There are 3 ways manufacturing are often reduced. Producing wells and fields are often shut-in because the sales price for oil and gas doesn’t cover their operating costs, or because they physically haven’t any available access to their entire export or storage. Supply can decline naturally and more gradually due to a halt in investment (new drilling and processing facilities). Or Opec countries as well other hydrocarbons and oil production nations can voluntarily reduce the output, either separately or more likely, through coordination.
The calculation of economic survival has become extremely complex during this matter of seldom profit margins. It depends on operating costs, transport budgets to plug, the fees of stopping or restarting production, taxes, and oil quality. Goldman Sachs estimates that 1 million bpd of an uneconomic production is already shut-in globally.
Corporates can keep producing at a loss for a short time, as they need contractual commitments to customers or pipelines, or because they fear the wells won’t be viable to restart once pack up. However, a relatively smaller firms will quickly run out of cash. Bankruptcy may delete their obligations, and new owners of the assets will continue operating only the profitable ones.
The current collapse in demand has affected gasoline (petrol) and jet fuel quite diesel for trucks and heating oil for ships. So light crudes, like those from American oil, North and West Africa, have lost value relative to medium-grades typical of the Middle East and Russia.

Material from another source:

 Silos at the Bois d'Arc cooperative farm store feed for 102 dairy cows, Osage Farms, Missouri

Many government fiscal schemes impose a hard and fast tax on boring no matter profitability – either a limit on what proportion costs are often set against tax annually, or a royalty levied on gross revenues. As net value diminishes, governments face a turbulent choice: of waiving these rules temporarily and provides up badly-needed revenue, or keep them and risk production shutting down entirely.

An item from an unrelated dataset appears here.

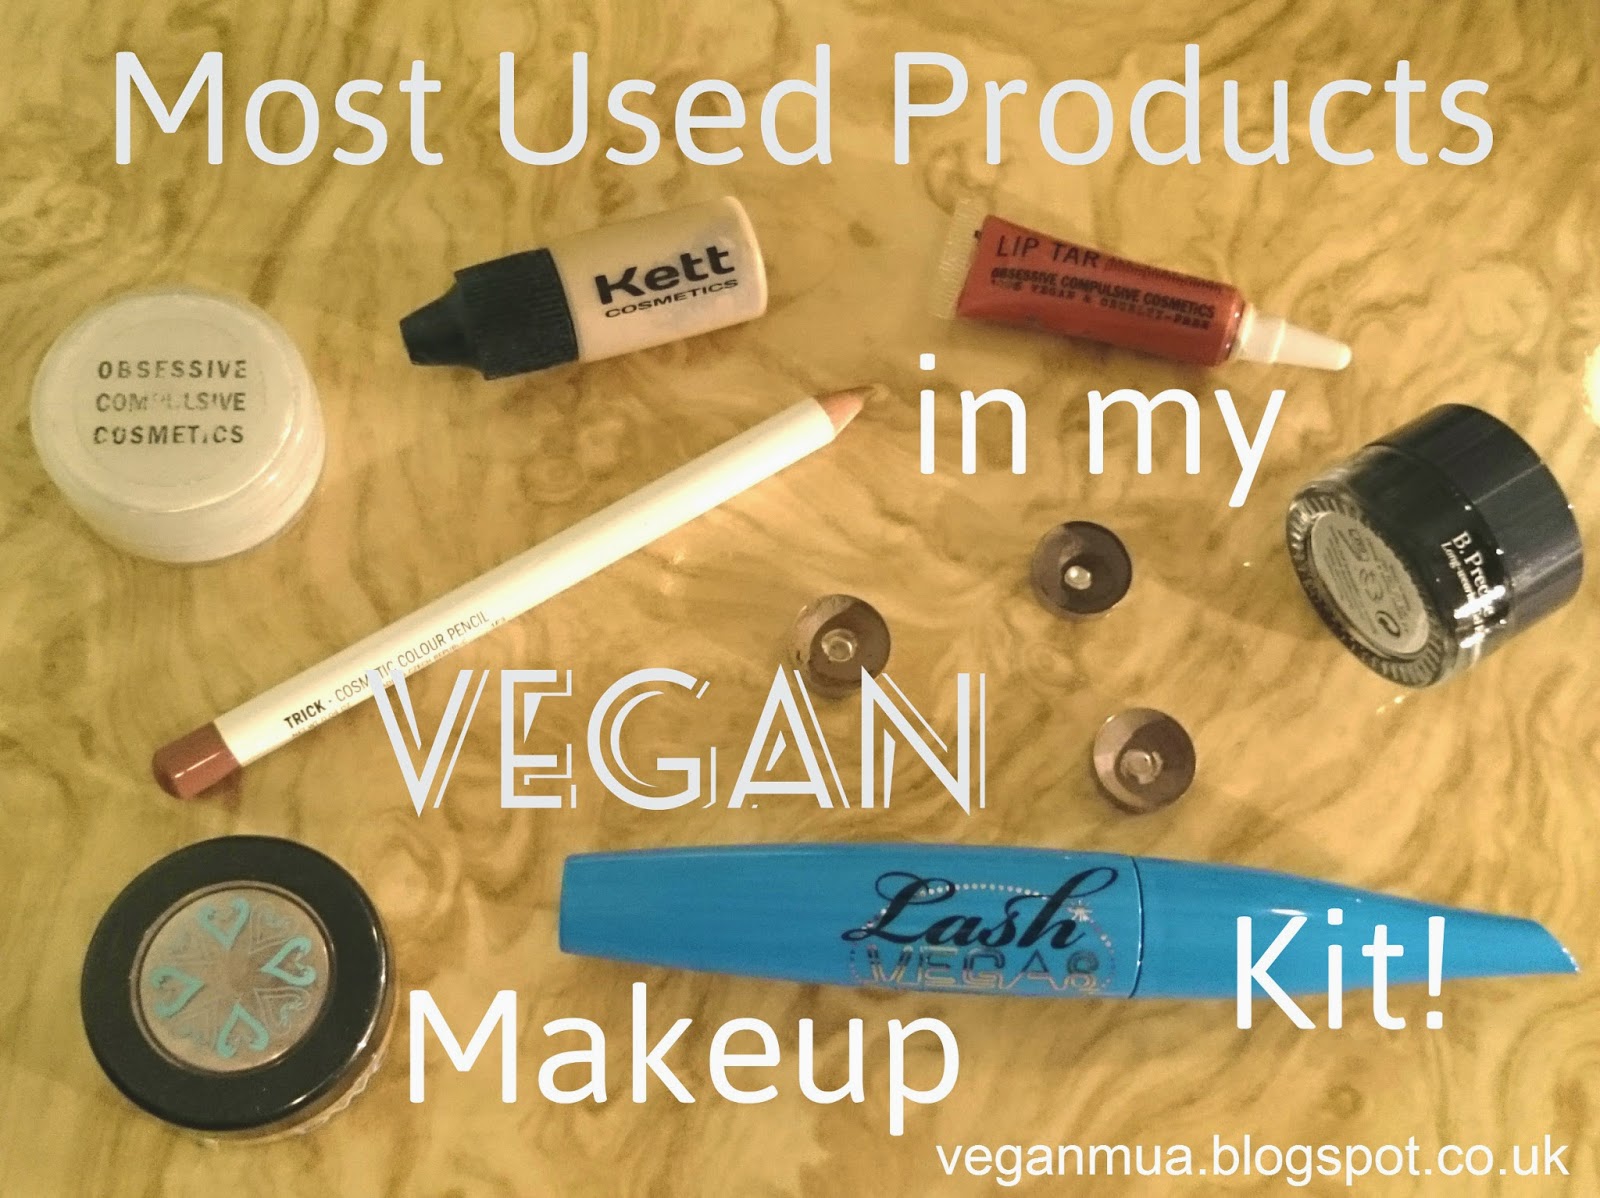 Most Used Products in my Vegan Makeup Kit

Disadvantaged producers include the landlocked ones – facing high transport costs to destinations where demand could also be in freefall. Those that have long sea voyages to remaining markets confront rising tanker costs because the ships are snapped up to hold expanded exports from Saudi Arabia, or to act as floating storage. Heavy crudes, like those from Canada and Venezuela, face the double whammy of upper production costs and lower sales prices than benchmark grades.

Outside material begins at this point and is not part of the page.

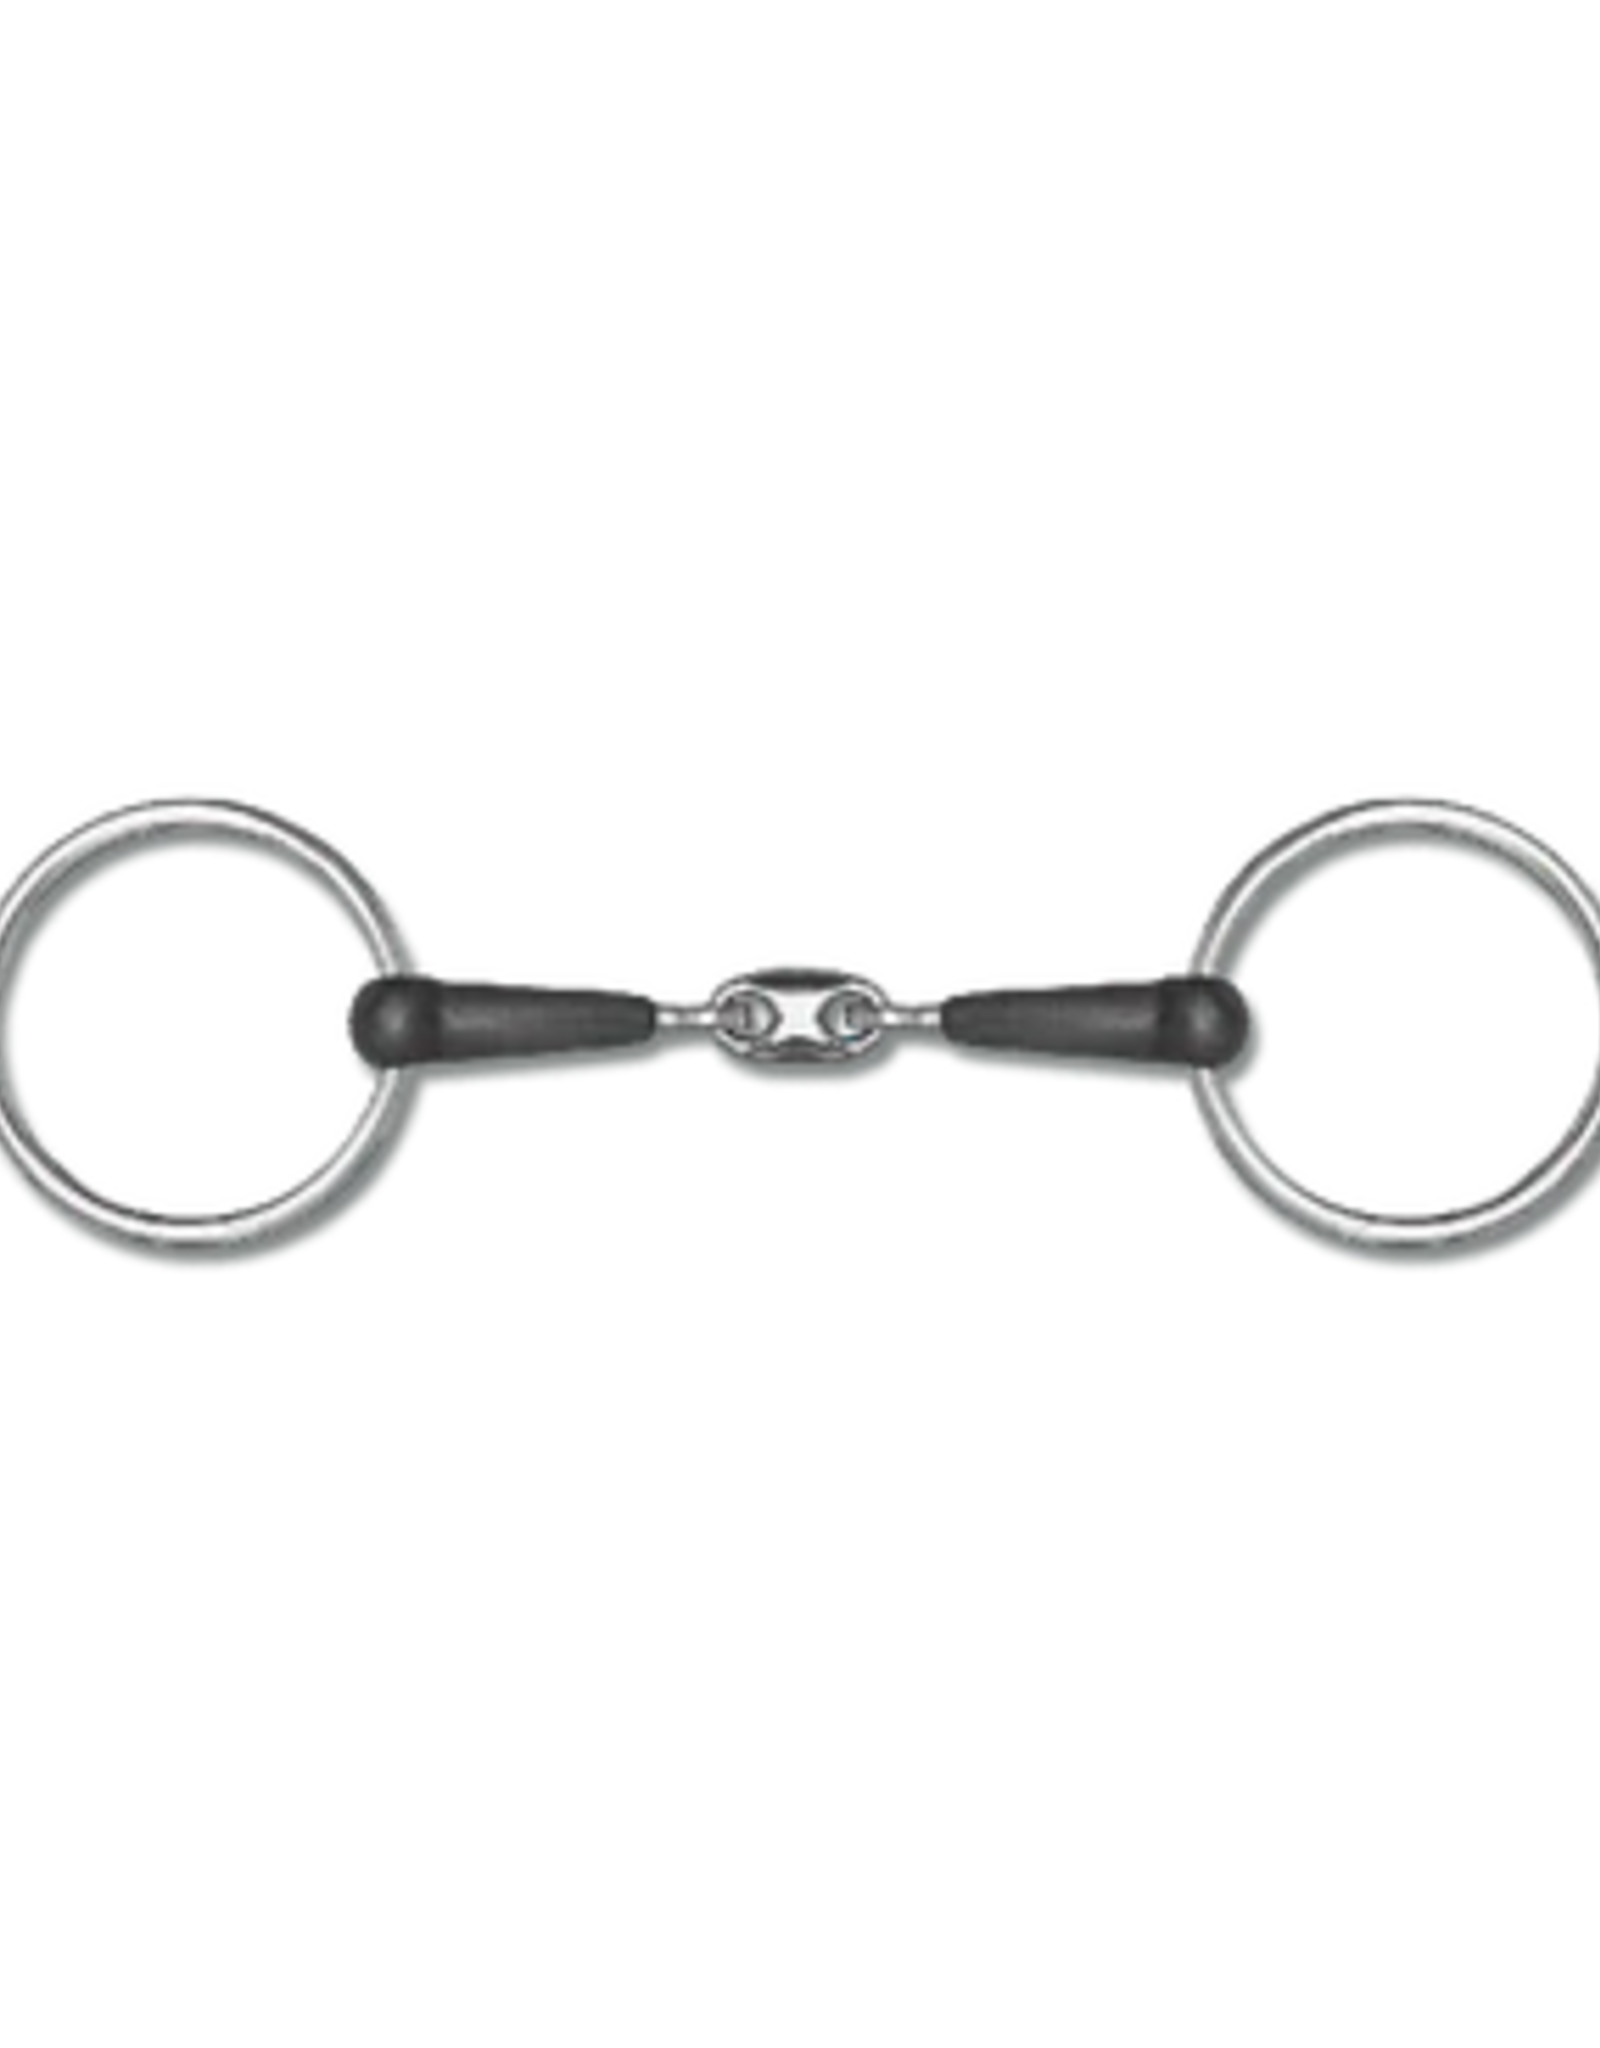 WALDHAUSEN LOOSE RING DOUBLE JOINTED RUBBER SNAFFLE

At the beginning of this price competition, there was a thought Russian companies were immune due to their low production costs. But their problem is market access. Though the Espo pipeline from East Siberia that reaches China and East Asia directly, exports through the Druzhba pipeline, rail and barge to European destinations are likely to be overcome back because the continent’s refiners have now reduced in their output.
Crude exports from the Baltic as well face an extended journey to Asia. That partly explains why Saudi Arabia cut its official selling prices, particularly for Europe, after the Opec+ deal broke down a month ago.
When the worth for Russia’s standard Urals grade fall below $15 per barrel, companies immobilized paying mineral processing and export taxes. Therefore, the Russian government crude oil revenues will approach zero faster than the drop by prices.
Global production also will deteriorate steadily as an investment in new wells and fields dries up. Crude Oil will take the brunt of this initially. Many conventional non-Opec projects have already been preserved, but given their long lead-time, this may only have a serious impact on production from 2022 onwards.
Finally, the leading Opec countries and Russia, the sole producers large and versatile enough to balance the market, could return to a renewed pact to limit output. But despite US president Donald Trump’s hopeful tweets, it’s practically unlikely that the US will take part, and without that, a deal remains out of reach for now.
In this environment, the target market becomes key. East Asia, where the response to the virus has been better, and where China is increasing purchases for its strategic crude reserve, is now a better pivotal buyer than before the crisis.
Storage has emerged as a key strategic asset. Saudi Aramco has a storage at the Egyptian Mediterranean terminal of Sidi Kerir, the Dutch port of Rotterdam and therefore the Japanese island of Okinawa, also as a buffer. Adnoc has agreements to store crude in India’s strategic reserves and is building a 42-million-barrel underground facility at Fujairah. Private Abu Dhabi firm Brooge is additionally expanding its storage within the East Coast emirate.
Equity partners in fields in places like Oman, Abu Dhabi and Iraq are often required to lift their share of oil, shifting the responsibility for selling it. National company access to joint-venture refineries or long-term sales contracts also can help place barrels.
In the 1985-86 price ruins, Saudi Aramco began offering “netback” contracts which guaranteed refiners a profit supported the sales price of their products. But such arrangements might not work now that the products aren’t even wanted.
The leading Gulf producers need to pull out all the halts. As the market shrinks and costs plunge, they need to make sure it’s their oil that gets to plug first. That’s the swift thanks to drive out the high-cost producers, or set the stage for a deal, a brutal but a pivotal process.